It’s not like sales and marketing people don’t have enough to do. With everyone’s schedules jammed with things to do and places to be, it’s no wonder how strategic market planning, particularly the long-range kind, might not make it to the top of your To Do List. But frankly, if it’s not it is a sure sign that somewhere down the road your company may pay a price. And unfortunately, those strategic initiatives can fall through the cracks if they are not prioritized properly.
The new CMO role has become the key to paving the way into new markets, new sales territories, new income streams and yes, into executive meetings reserved for the CEO, CFO and Legal Counsel. What changed? The simple answer is the market has intensified and nothing should be ignored or pushed aside when it comes to forging a new frontier for your company’s growth. Nothing is more important.
What used to stack up as solid marketing is really not going to work today. Here are 5 things strategic market planners must keep in mind today:
1. Put everyone inside your company on your team.
Everyone in your company can give you useful insights and suggestions. Gone are the days that everything comes from research and executive committees. Really, who cares where the idea comes from as long as it comes?
2. Get to know your customers on a first name basis.
This is not optional; rather, it’s a new requirement that you and your full team should aspire. It’s not just for the sales team to do, but also for everyone actively involved in delivering value to your customers. Regardless of your company’s size, the more you are known by your customers the more trust you will earn.
3. Track how much you spend per customer, per market, per year.
A lot has been written on Marketing ROI but still, very few companies actively engage in the tracking and analyzing their marketing expenditures on a weekly/monthly basis. At full throttle your company should be able to both spend and track simultaneously and make adjustments on the fly based on actual data metrics of results. Things to track include awareness scores, leads generated, customer satisfaction, and the list should go on and on.
4. Put your best sales people on your best territories and prospects.
Often companies use the strategy of putting their best people on their toughest challenges. I do not subscribe to this at all! Why punish a high performer with a lousy territory? What makes sense to me is to put your stars where they can make the biggest impact and use the weaker sales reps in the weaker markets to prove themselves. (I welcome your comments!).
5. Make sure your website is aligned with your value proposition and messaging.
What you say in an elevator to a prospect should be found on your website. If it’s not, either your website or you are not using current brand messaging. Either way, they need to harmonize with each other to realize the full impact of your brand and its message. The importance of integration of messaging cannot be overemphasized.

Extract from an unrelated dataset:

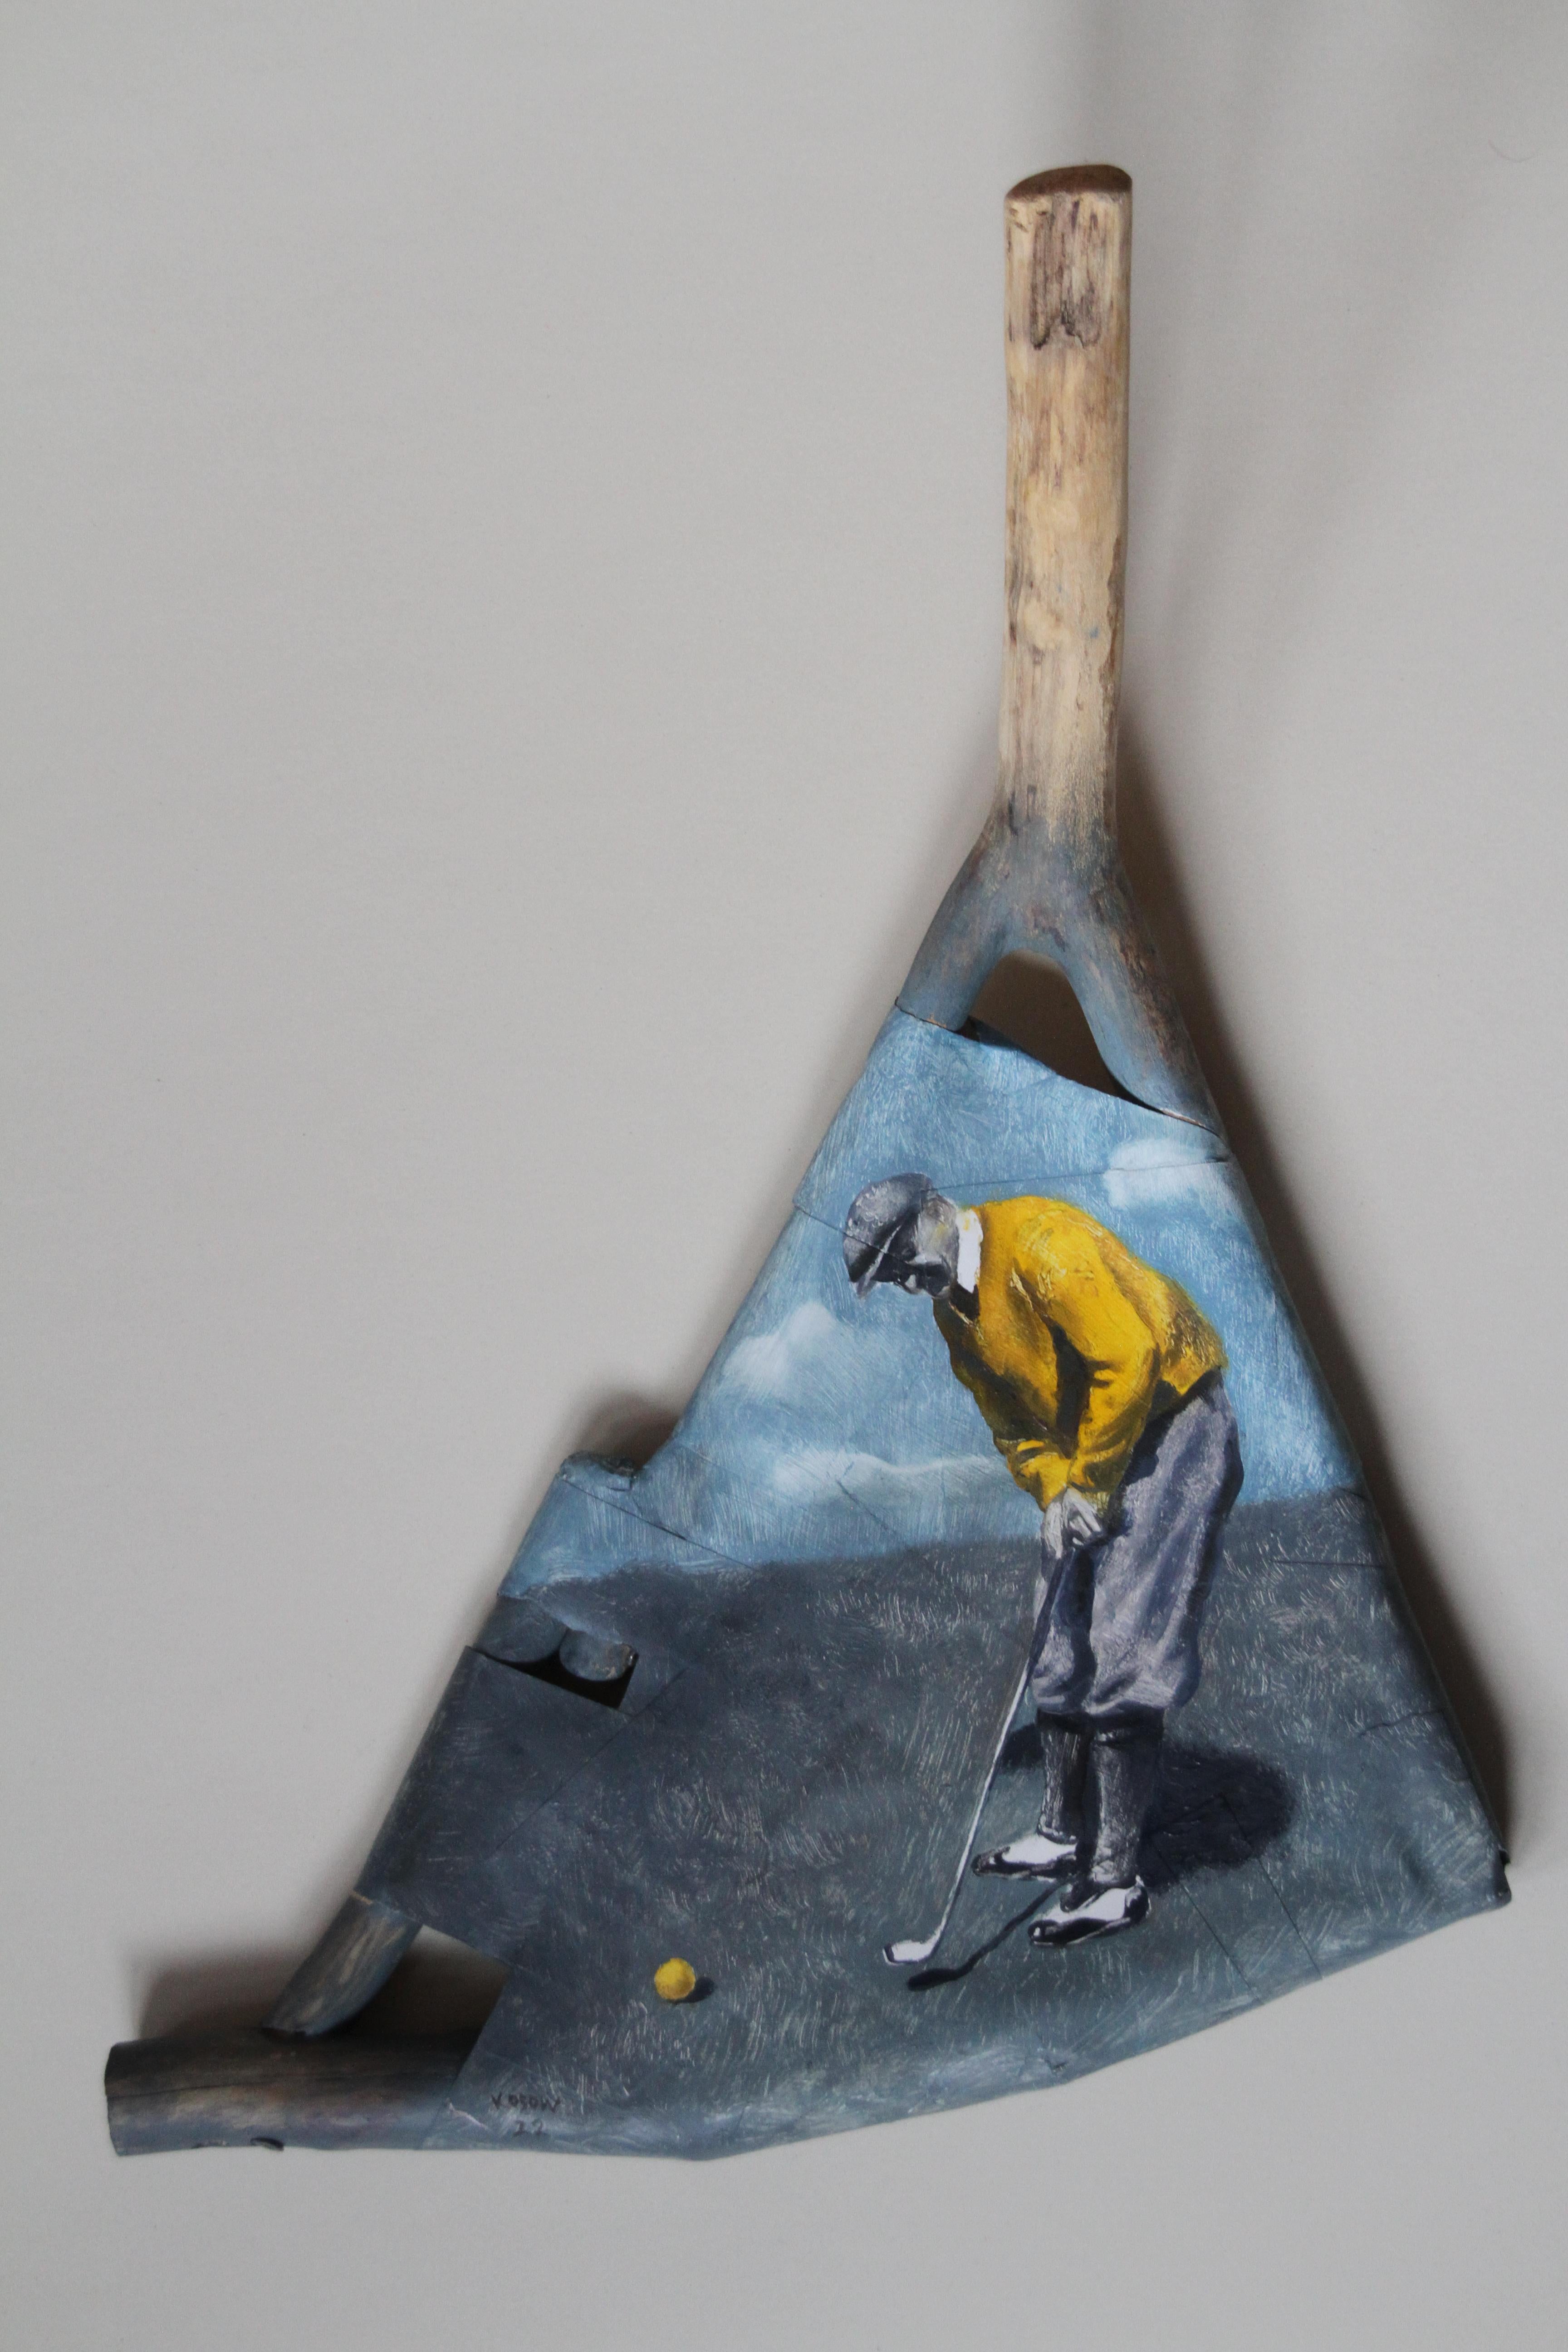 Une autre sculpture tridimensionnelle d'un golfeur vintage peint sur bois jaune chemise

Is all of this really that important? Yes! Consider this recent announcement that HP made:
“Today, HP announced that New York City-based Duggal Visual Solutions has installed an HP Scitex LX800 Printer and an HP Indigo press 5500. The new digital printing systems help the company pursue new opportunities with clients in the art, fashion and cosmetics markets. New York City-based Duggal Visual Solutions Inc. (DVS) has added a latex ink HP Scitex LX800 Printer and an HP Indigo press 5500 to its operations, offering customers a range of new applications such as wall paper, vehicle graphics, fashion “look books,” art catalogs, cosmetic swatches and photo portfolios.”
Why did Duggal Visual Solutions purchase an HP versus the dozens of other equipment at their disposal? Duggal’s chairman said, “When I heard about the Indigo, how they had reduced the effluent, and the amount of packaging for supplies, I was reminded again that HP is a company I want to do business with,” said Duggal. “There is also an array of partially recycled and FSC-certified materials allowing us eco-material options we simply did not have with photographic printing.”
Mr. Duggal knew all of this because HP’s integrated sales and marketing program includes the five points above and puts them into action each day. Not to mention that they have dominated the print space for years. Why? Because their products, services, messaging, customer service, brand marketing, etc., etc., all harmonize throughout their strategic market plan.
Which brings us to the obvious question: how does your strategic market plan measure up? It’s definitely something your chief marketing leader should be able to answer.